I agree that those images strongly suggest concretions. My suggestion related to those entombed berries was that they might be featureless, immature, resting stages (needing minimal energy) which only elaborate the features found in the exposed berries when they are at the surface. I can't substantiate this, of course but I think it is a reasonable explanation if one assumes that the berries might be alive. Remember, we are talking about a putative organism that is likely to be almost totally different to an earth organism.
You said:
"Vostok is indicative of a crater filled by regolith, and there is every indication that sufficient depth of sedimentary deposits across the entire area has been eroded to provide the berry population".
I think the jury is still out on that speculation. There is still argument by geological heavy hitters as to whether or not the original layer of berries might have been several hundred meters or just a few meters. My speculation that the layer of berries now being seen might be a case of regeneration cannot be invalidated with the current hard evidence available.
You said:-
"Spherules are HARD. The rovers needed re-programming in RAT sequencing to prevent termination of commands to RAT because of this. The rocks are SOFT. Just look at the RAT image to see this".
I don't doubt that the spherules inside the rocks are hard. I'm just saying that the recent scraping of those 3 SURFACE berries by the brush indicated that those berries were covered by a relatively soft external layer and exposed a structured inner inside, and that the inside of several surface berries have been seen from eroded and split berries to be also structured and seemingly easily erodable. Marsman has shown at least 2 berries where the innards are well eroded. these certainly do not betoken hard innards lasting for billions of years. In addition, I've shown that the Rover instruments are incapable of characterising the inner 78% of the volume of an exposed typical berry and indeed cannot estimate the chemical content of one berry only, so current data cannot prove that the berries on the surface are totally made of hematite.
You said:
"I would be delighted if you could provide a single sustainable indicator of living berries, but I believe your post 72 proves the opposite. Concretion. Please prove my conviction wrong. No-one would be more delighted".

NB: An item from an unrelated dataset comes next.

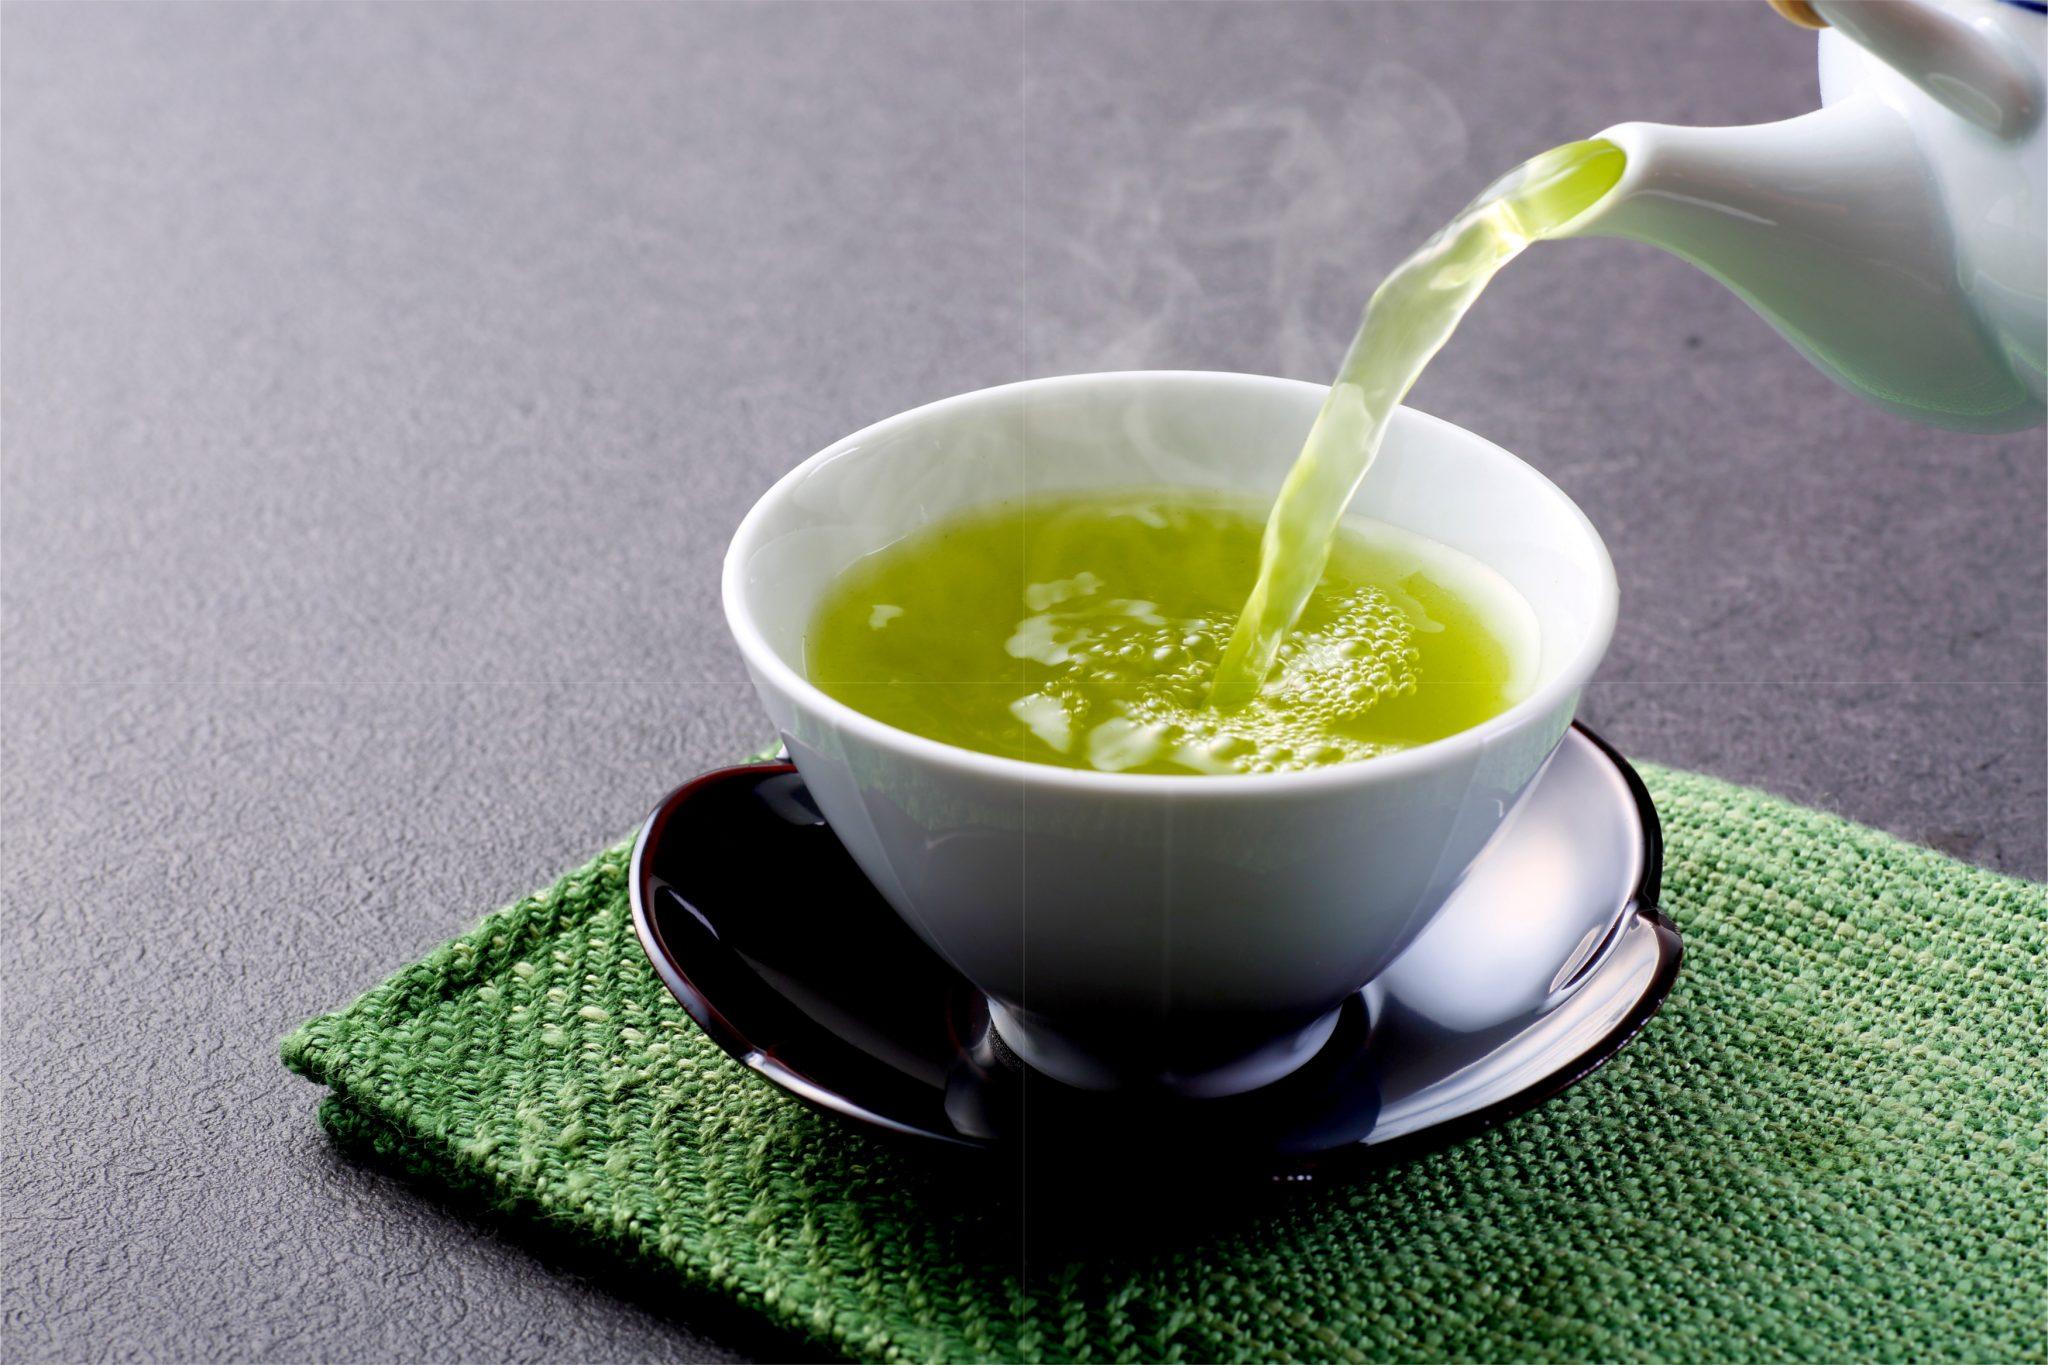 カテキンたっぷりの緑茶を注いでいる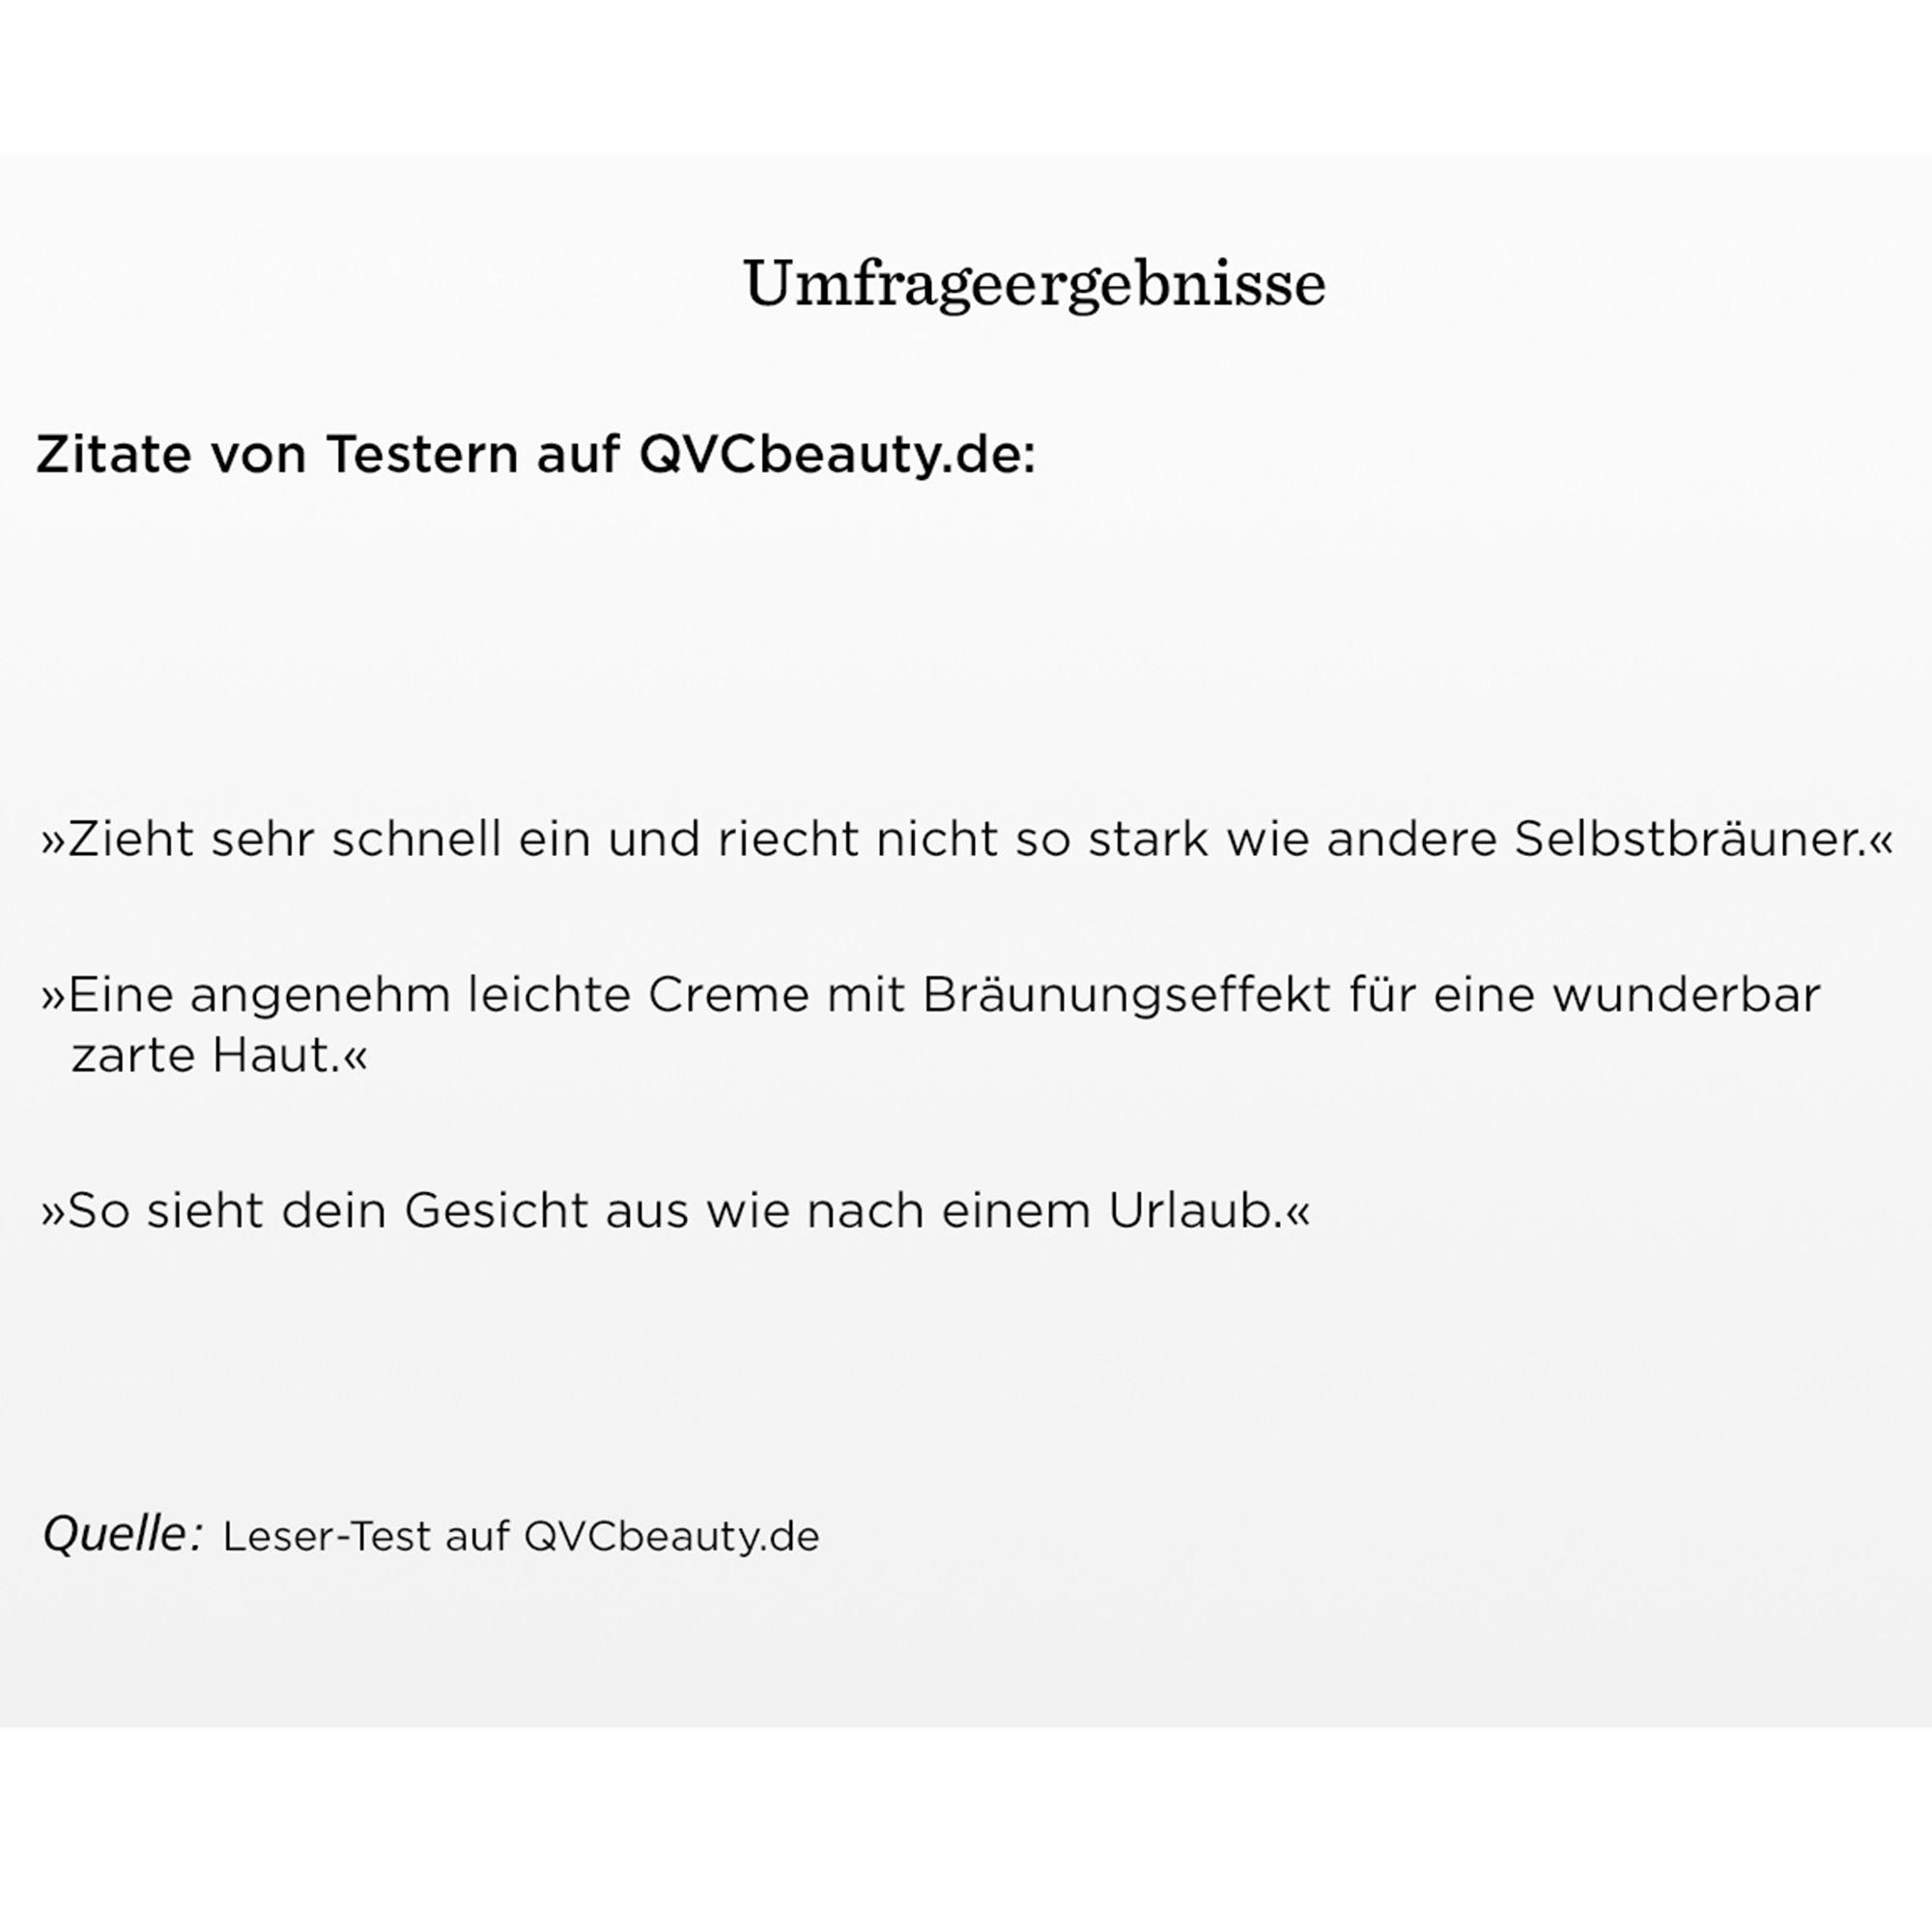 Ausgezeichnet Obiee Tester Probe Fortsetzen Galerie - Entry Level ...

The sustainable indicator of living berries will only come when Geologists recognize that Mars life is unlikely to look like current earth life, carefully reexamine the various abiogenic proposals and recognize that the concretion hypothesis may be unsustainable and that the several small indicators of life, like Henry and Marsman's statistical measurement results, are worthy of testing.
I think I have pointed out a number of inconsistencies in the concretion hypothesis. You don't accept my offerings, and that's fine, but don't reject them only on the basis that they can't be currently substantiated in your view. Many of the tenets of the concretion hypothesis also cannot be substantiated.
You said:;
"But it is disturbing to watch an intelligent poster drift towards the illogical outerdark inhabited by ES and RW"
Thanks for describing me as an "intelligent poster". However, I think that my postings here have been far from illogical. They differ substantially from the default hypothesis but I don't think they are illogical, unless you define logic as being totally within the box of the default hypothesis. I think I have set out a logical framework for a living berry and tried to answer the specific challenges, albiet in a piecemeal fashion. The speculation still needs work. but none of the examples you have brought up invalidates that speculation, IMHO.
None of us can be 100% sure that the concretion hypothesis is correct. I'll try to develop a structured short paper over the next 2 weeks or so to provide "chapter and verse" to the hypothesis of the living blueberries.